In a modern vehicle, it is not uncommon to have an automotive assistant with a speech interface. In response to an utterance by an occupant of the vehicle, the automotive assistant can answer certain questions or carry out certain instructions.
To use the automotive assistant, one typically awakens it in some way. This can be carried out by the push of a button. Alternatively, it can be carried out by uttering a special word, referred do as a “wake word.”
A newer generation of automotive assistants dispenses with this step.
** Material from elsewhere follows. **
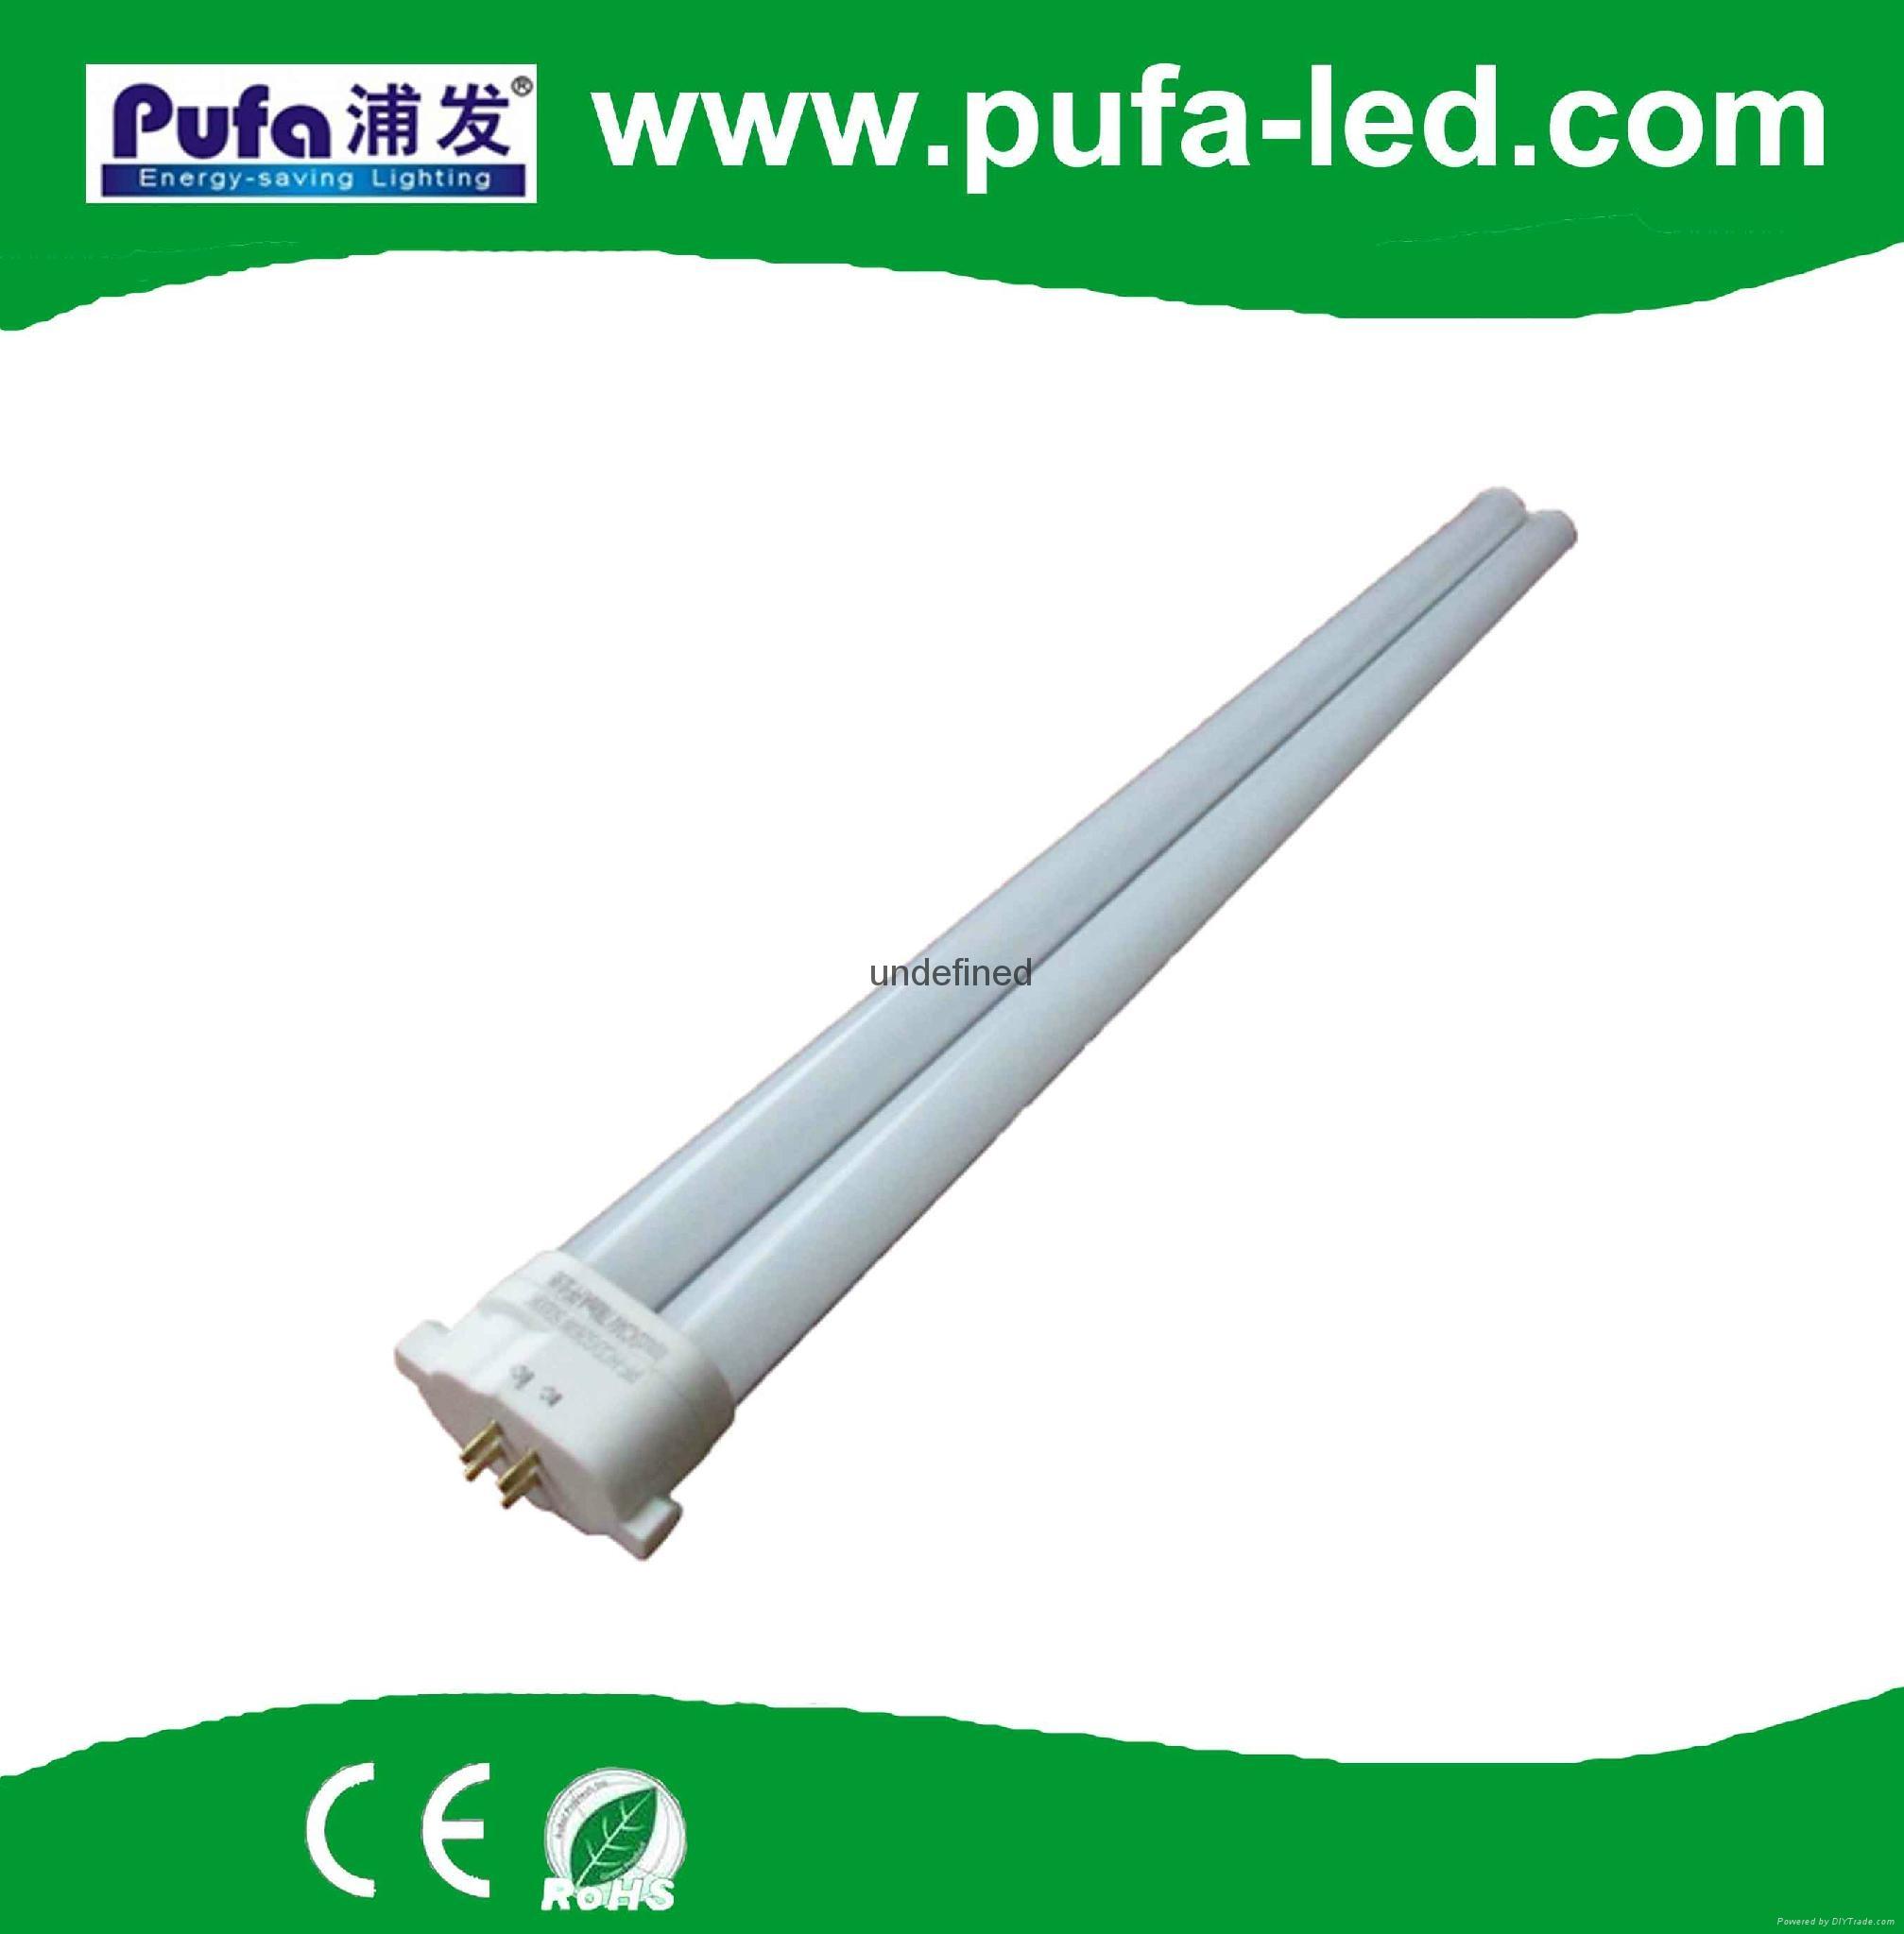 LED GY10Q 横插灯 7W 1

In such cases, one can address the automotive assistant in much the same way one might address a person. Thus, one can simply utter a question and expect the automotive assistant to respond.
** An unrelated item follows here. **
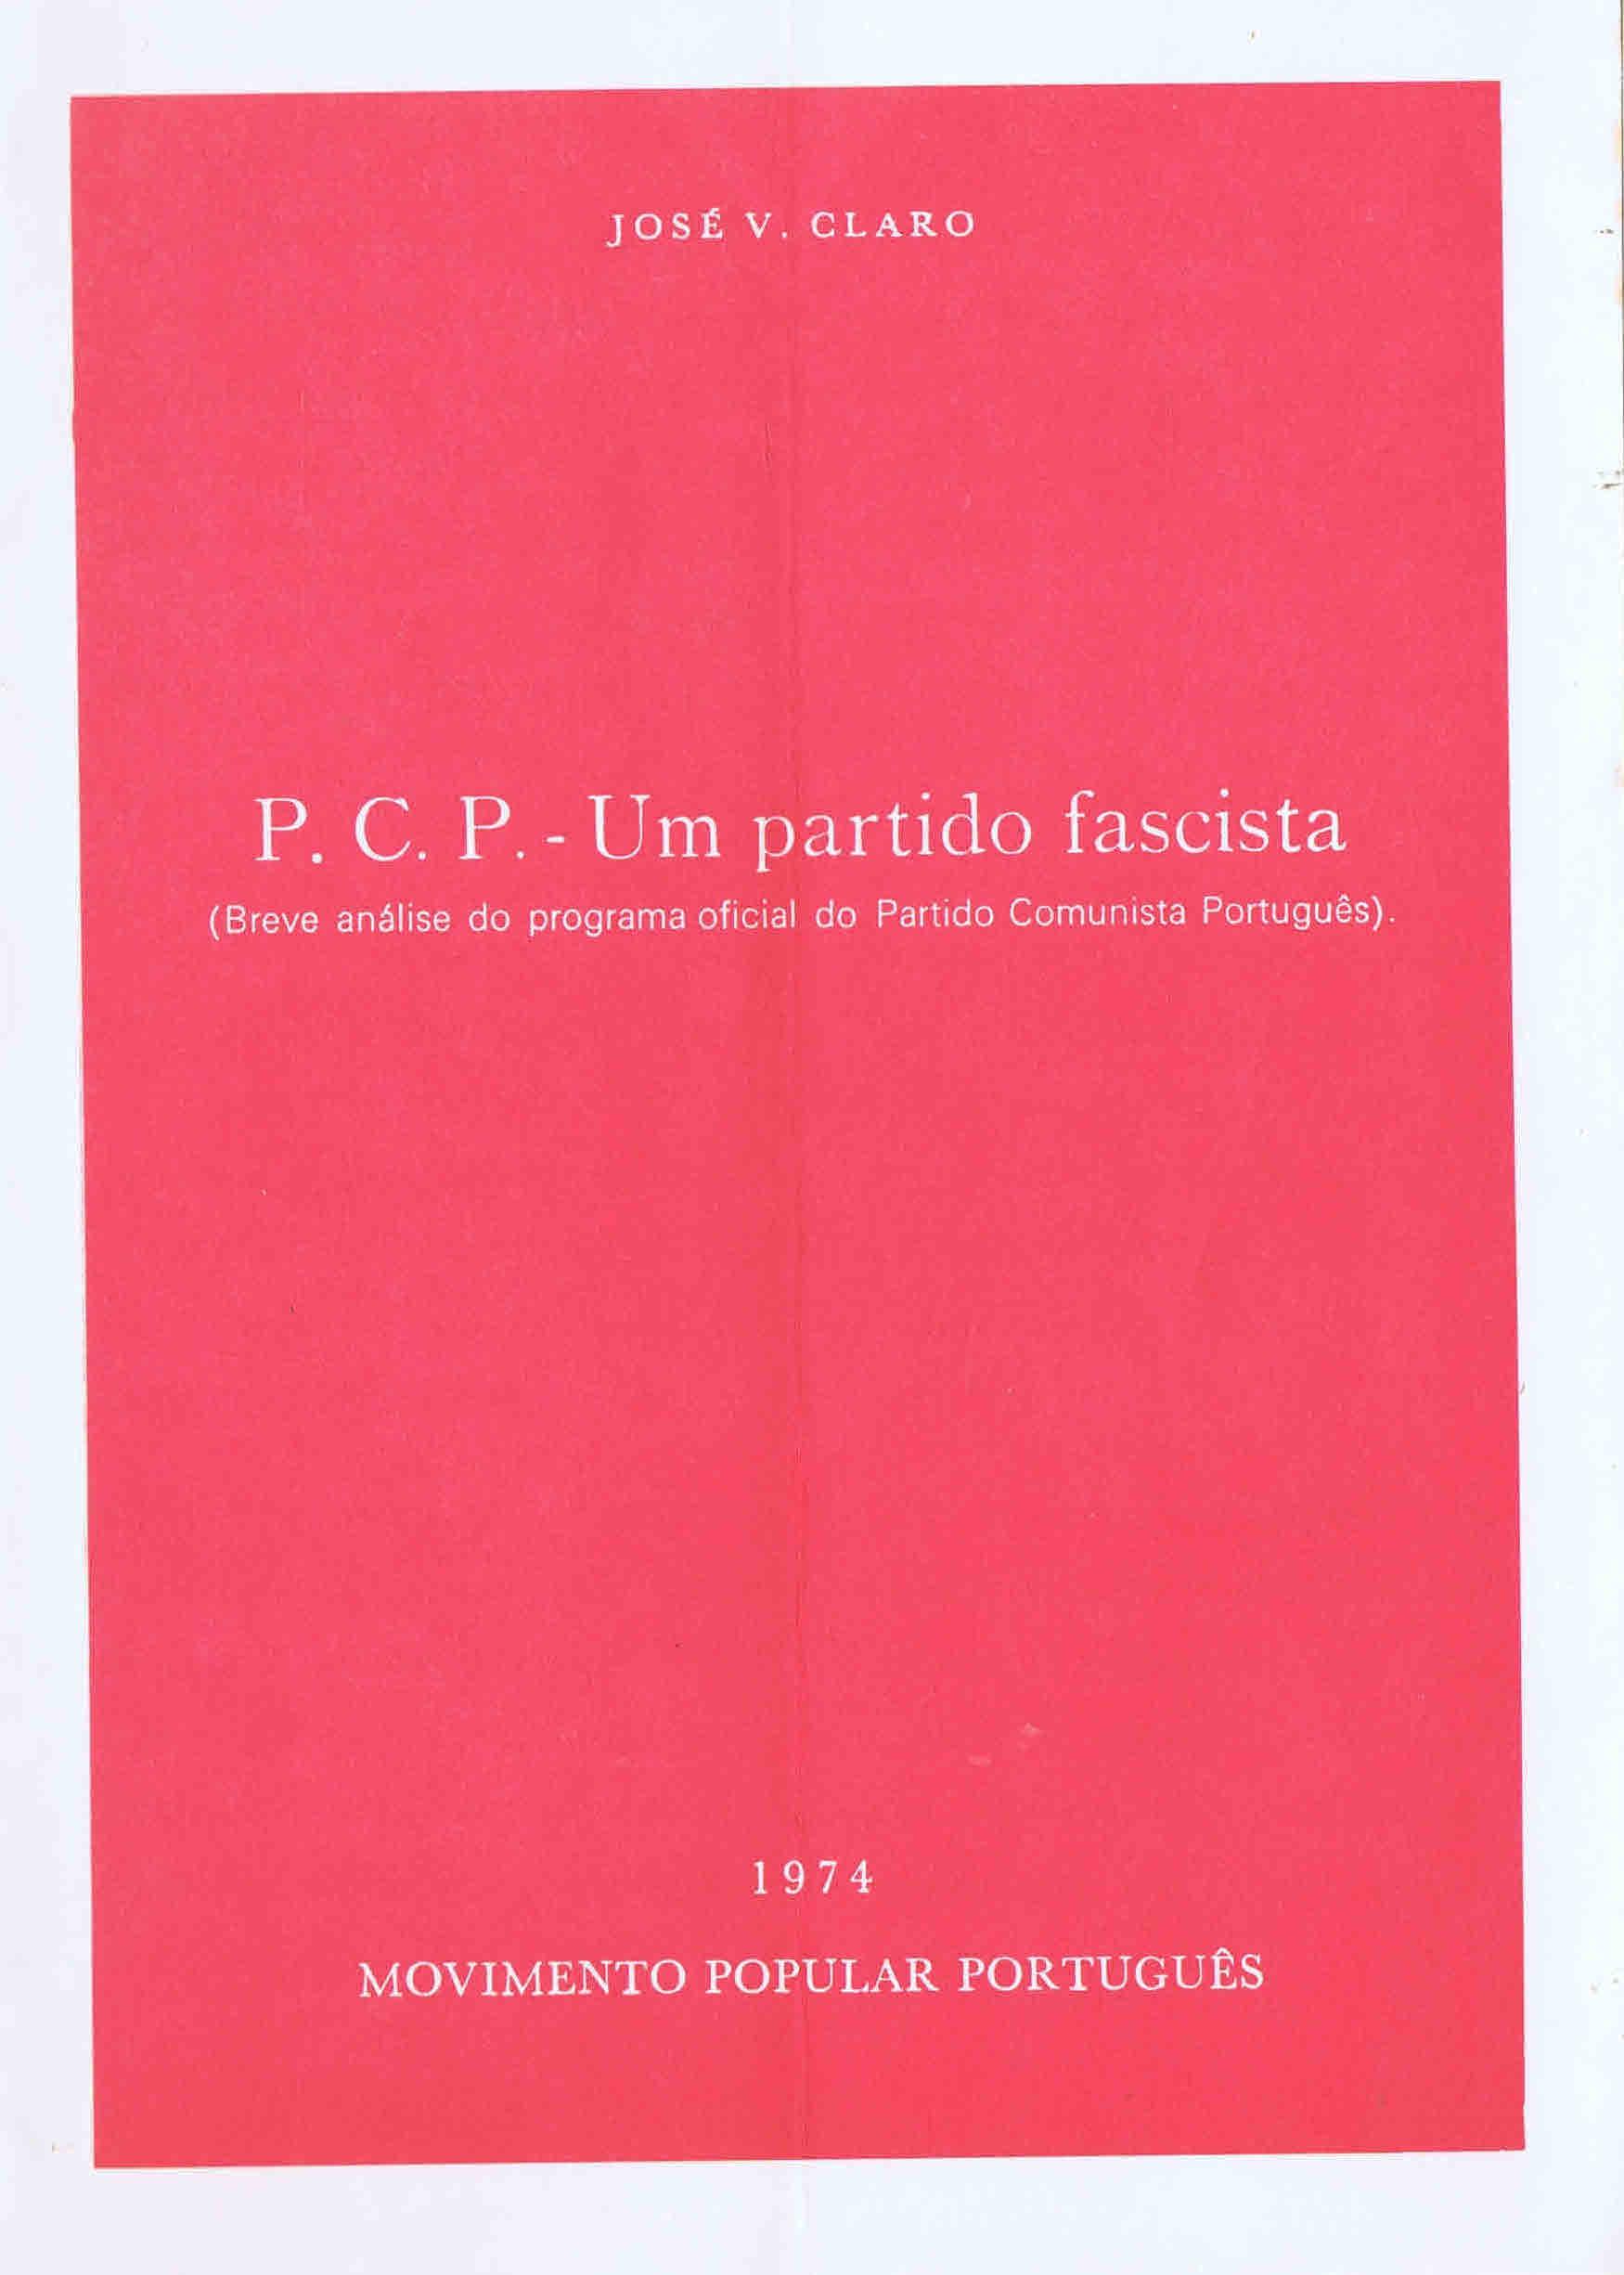 Copy of Documerrnt (190)

The invention attempts to assist the automotive assistant with distinguishing between those utterances that are directed to another entity and those that are not. To do so, the invention relies on the observation that a human who wishes an utterance to be directed to a target entity will often look towards the target entity.
In one aspect, the invention includes causing an automotive assistant in a vehicle to disregard a first utterance, the first utterance having been made by a first occupant in the vehicle. In such a method, causing the automotive assistant to disregard the first utterance includes receiving the first utterance, determining a first sightline of the first occupant, and based at least in part on the first sightline, causing the automotive assistant to disregard the first utterance.
Among the practices are those that further include causing the automotive assistant to respond to a second utterance. In such practices, causing the automotive assistant to respond to the second utterance includes receiving, from a second occupant of the vehicle, the second utterance, determining a sightline of the second occupant, and based at least in part on the sightline of the second occupant, causing the automotive assistant to respond to the second utterance.
In still other practices, the method further includes causing the automotive assistant to respond to a second utterance and doing to by receiving the second utterance from the first occupant, determining a second sightline of the first occupant, and based at least in part on the second sightline, causing the automotive assistant to respond to the second utterance.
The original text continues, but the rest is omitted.